When the Treaty of Rome was signed in 1957, its main focus was on creating a single market where free movement of goods, persons, services and capital could be ensured. It therefore regarded labour above all as a factor of production in respect of which the principle of free movement was to apply. The Treaty did contain a Title on Social Policy but its content was derisory. Subsequent Treaty amendments and the emergence of a body of secondary legislation helped to adjust this perspective on labour issues and developed what the Commission describes as the European Social Model.

However, that very social model is now under threat.

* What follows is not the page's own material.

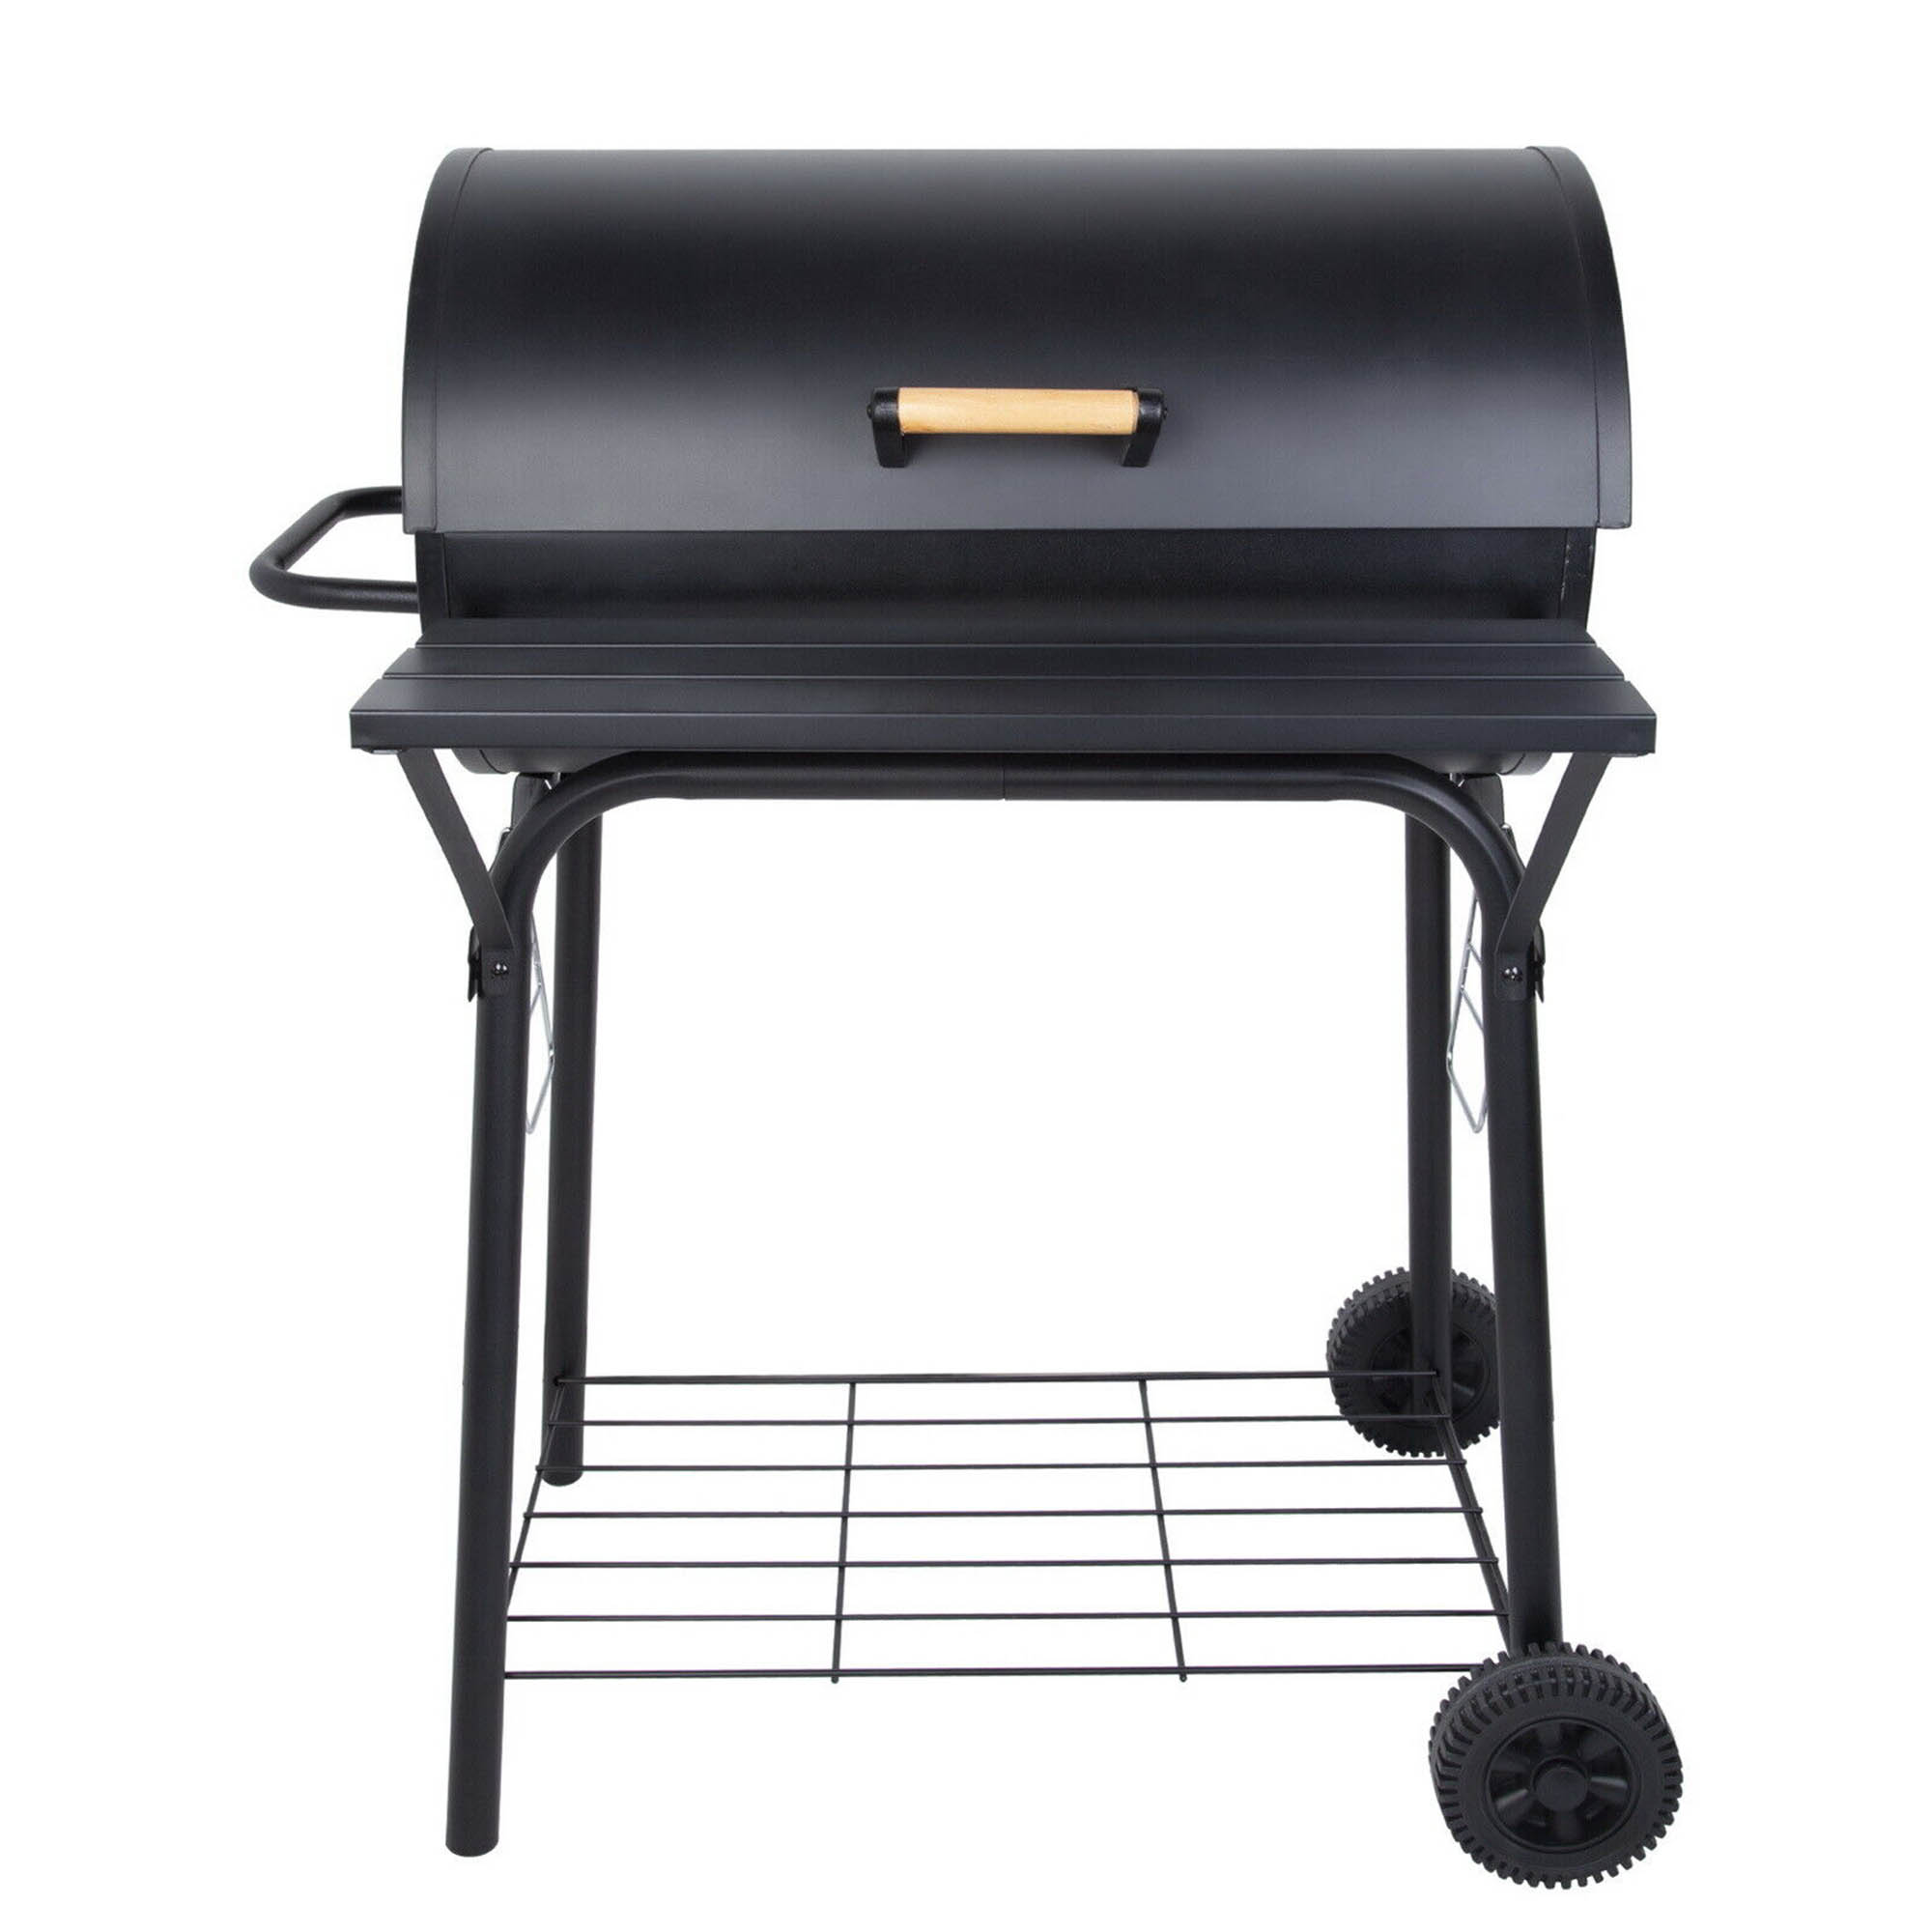 SHCKE Portable Charcole Grill Folding Charcoal Camping Barbecue Oven Heavy Duty Charcoal Barrel BBQ Grill, Outdoor Cooking for Outdoor Backyard, Patio and Parties - image 1 of 8

The threat stems from a variety of sources: concerns about the rigidity of labour law has led to pressure for greater flexibility, the eurozone crisis has led to major reform of a number of national systems of labour law, and, for the purposes of this paper, the decisions of the Court of Justice in Viking and Laval. Against the backcloth of the eurozone crisis, the Court’s unwillingness to engage in a genuine balancing between the economic and social dimension of the EU, meant that these cases became totemic for the trade union movement of all that was bad about the EU. The Monti II proposal was intended to help address some of these problems; it was roundly rejected by the national legislatures and received the first yellow card under the new Lisbon procedure. The aim of this paper is to consider the various ways of addressing the problems generated by the decisions in Viking and Laval in the light of the Monti II proposal.

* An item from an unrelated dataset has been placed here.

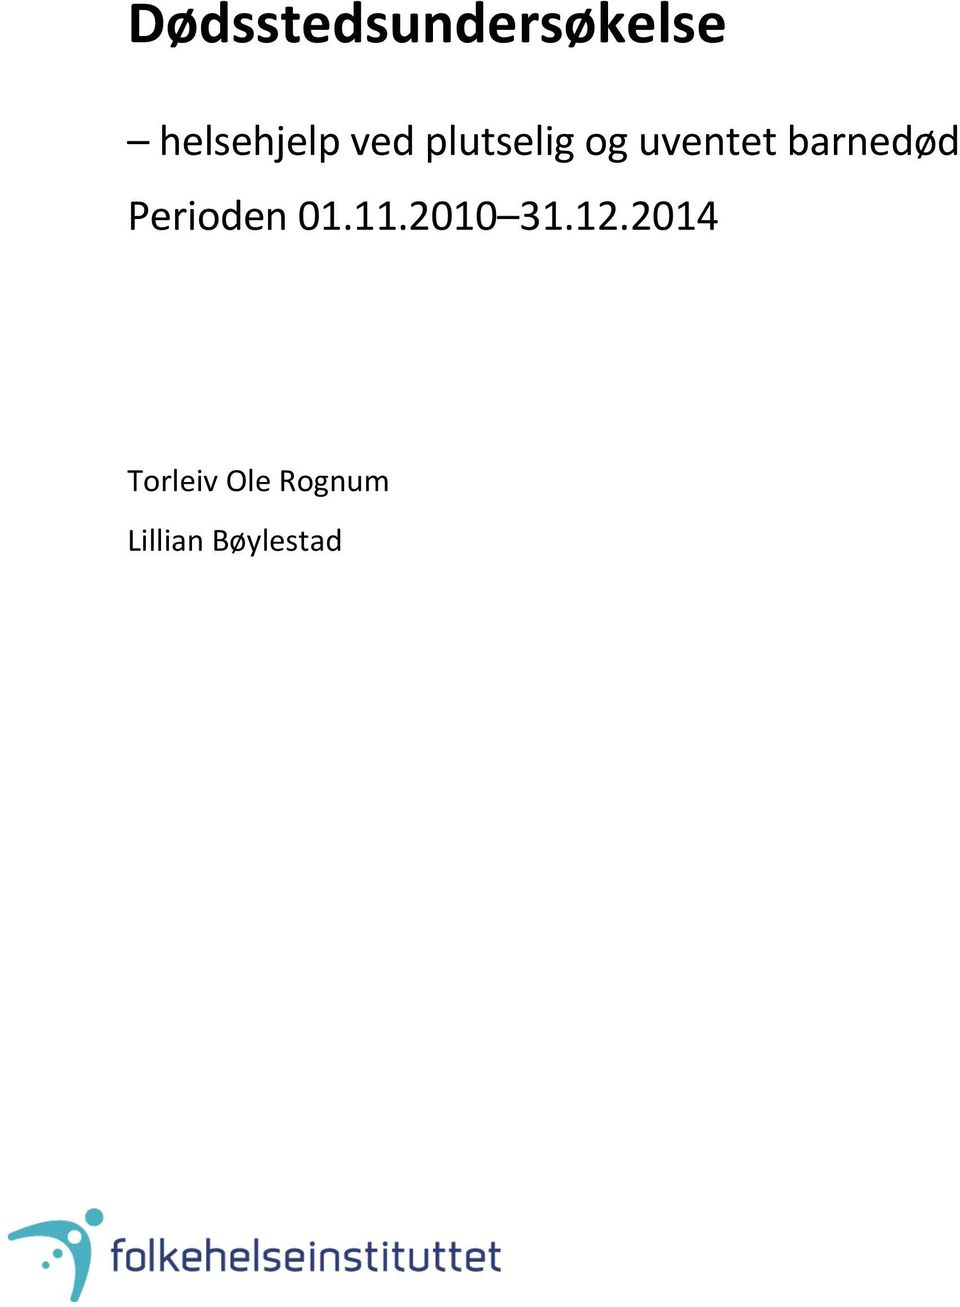 Perioden 01.11.2010 31.12.

Sara Kendall & Sarah Nouwen: Representational Practices at the International Criminal Court: The Gap between Juridified and Abstract Victimhood (24/2013)

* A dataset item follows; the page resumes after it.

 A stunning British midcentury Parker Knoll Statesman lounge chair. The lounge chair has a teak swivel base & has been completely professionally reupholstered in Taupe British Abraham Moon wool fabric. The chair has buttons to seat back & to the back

In the context of a special issue on ‘practices’ at the International Criminal Court, this article focuses on the practice of representation, and in particular on the practice of representing victims. As political and social theorists such as Pitkin and Bourdieu have argued with respect to politics, representation does not merely reflect reality, it is constitutive of it. In the ICC, two practices of victim representation have been prevalent. The first is the rather novel and widely welcomed practice of representing victims as participants in ICC proceedings. The second is the older practice of the discursive invocation of victims as the telos of international criminal law. But these two practices lead in different directions. Victim participation in court proceedings has led to the juridification of victimhood — the legal categorisation of victims — and as a result of this juridification, very few individuals are actually personally represented in the Court’s proceedings. The discursive invocation of victims as the telos of the Court’s work has created a deity-like and seemingly sovereign entity — ‘The Victims’ — that transcends all actual victims and corresponds to no individual victim in their particularity. The result of the two practices is an increasing gap between the limited role that victims play in international criminal proceedings due to the juridification of victimhood and the continued presentation of ‘The Victims’ as the raison d’être of international criminal law. The overdetermined presence of the figure of ‘The Victims’ as a rhetorical construct obscures the representative challenges faced by conflict-affected individuals in accessing the form of justice that is practiced in their (abstract) name.

Brian Sloan: The Concept of Coupledom in Succession Law (30/2013)

This paper compares the eligibility of informal cohabitants to bring claims against estates under the English Inheritance (Provision for Family and Dependents) Act 1975 and the Irish Civil Partnership and Certain Rights and Obligations of Cohabitants Act 2010. It argues that in spite of different methodologies, the two Acts cover a similar range of relationships. It also contends that both English and Irish Law nevertheless adopt an unduly narrow approach to eligibility as compared to the law in New South Wales inter alia, particularly in the light of some of the special features surrounding succession law.